Artworks in Public Domain

📌 Link to interactive run in notebook:

Stunning Art with CLIP Guided Diffusion+SwinIR

📌 Wandb logging is integrated for training and sampling.

Generated Samples

"vibrant watercolor painting of a flower, artstation HQ"

"beautiful matte painting of dystopian city, Behance HD"

"vibrant watercolor painting of a flower, artstation HQ"

"artstation HQ, photorealistic depiction of an alien city"

For more generated artworks, visit this report

Super-resolution Results

Credits

Developed using techniques and architectures borrowed from original work by the authors below:

Guided diffusion and improved diffusion by OpenAI
Original notebook on CLIP guidance sampling by Katherine Crowson (https://github.com/crowsonkb, https://twitter.com/RiversHaveWings) with improvements by nerdyrodent and sadnow (@sadly_existent)
SwinIR: Image Restoration Using Shifted Window Transformer from https://github.com/JingyunLiang/SwinIR

Huge thanks to all their great work!

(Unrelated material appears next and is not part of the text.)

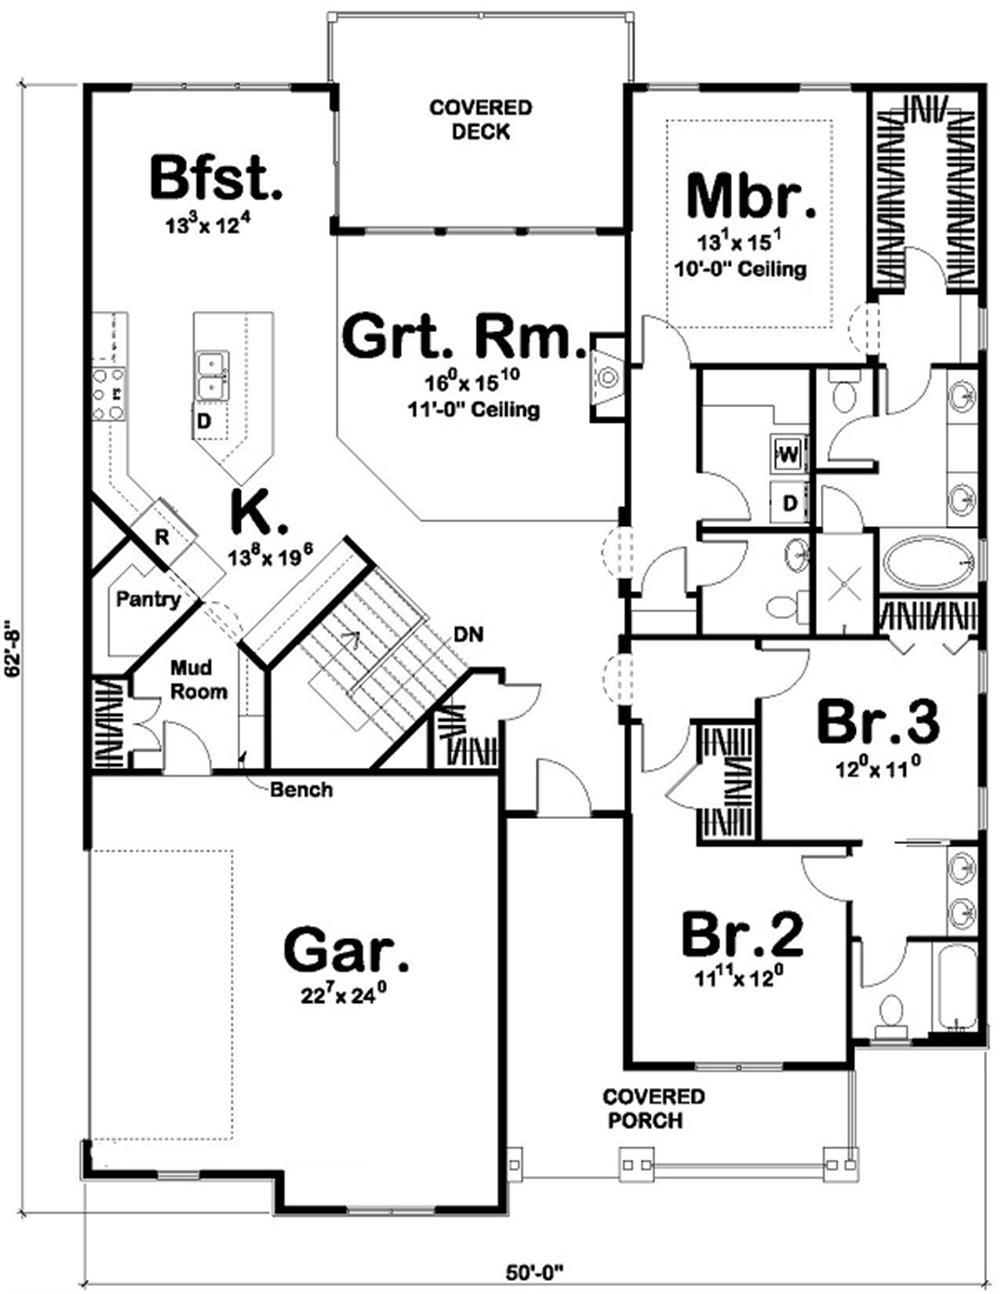 100-1195 main level

I highly recommend checking out these repos.

Installation

git clone https://github.com/sreevishnu-damodaran/clip-diffusion-art.git -q
cd clip-diffusion-art
pip install -e . -q
git clone https://github.com/JingyunLiang/SwinIR.git -q
git clone https://github.com/crowsonkb/guided-diffusion -q
pip install -e guided-diffusion -q
git clone https://github.com/openai/CLIP -q
pip install -e ./CLIP -q

Dataset

Public Domain Artworks dataset used in this repo:

https://www.kaggle.com/sreevishnudamodaran/artworks-in-public-domain

Additional details datasets/README.md

Training & Fine-tuning

Chooose the hyperparameters for training. These are resonable defaults to fine-tune on a custom dataset with a 16GB GPUs on Colab or Kaggle:

MODEL_FLAGS="--image_size 256 --num_channels 128 --num_res_blocks 2 --num_heads 1 --attention_resolutions 16"
DIFFUSION_FLAGS="--diffusion_steps 1000 --noise_schedule linear --learn_sigma True --rescale_learned_sigmas True --rescale_timesteps True --use_scale_shift_norm False"
TRAIN_FLAGS="--lr 5e-6 --save_interval 500 --batch_size 16 --use_fp16 True --wandb_project diffusion-art-train --use_checkpoint True --resume_checkpoint pretrained_models/lsun_uncond_100M_1200K_bs128.pt"

Once the hyperparameters are set, run the traning job as follows:

python clip_diffusion_art/train.py --data_dir path/to/images $MODEL_FLAGS $DIFFUSION_FLAGS $TRAIN_FLAGS

Refer to the openai improved diffusion for more details on choosing hyperparameters and to select other pre-trained weights.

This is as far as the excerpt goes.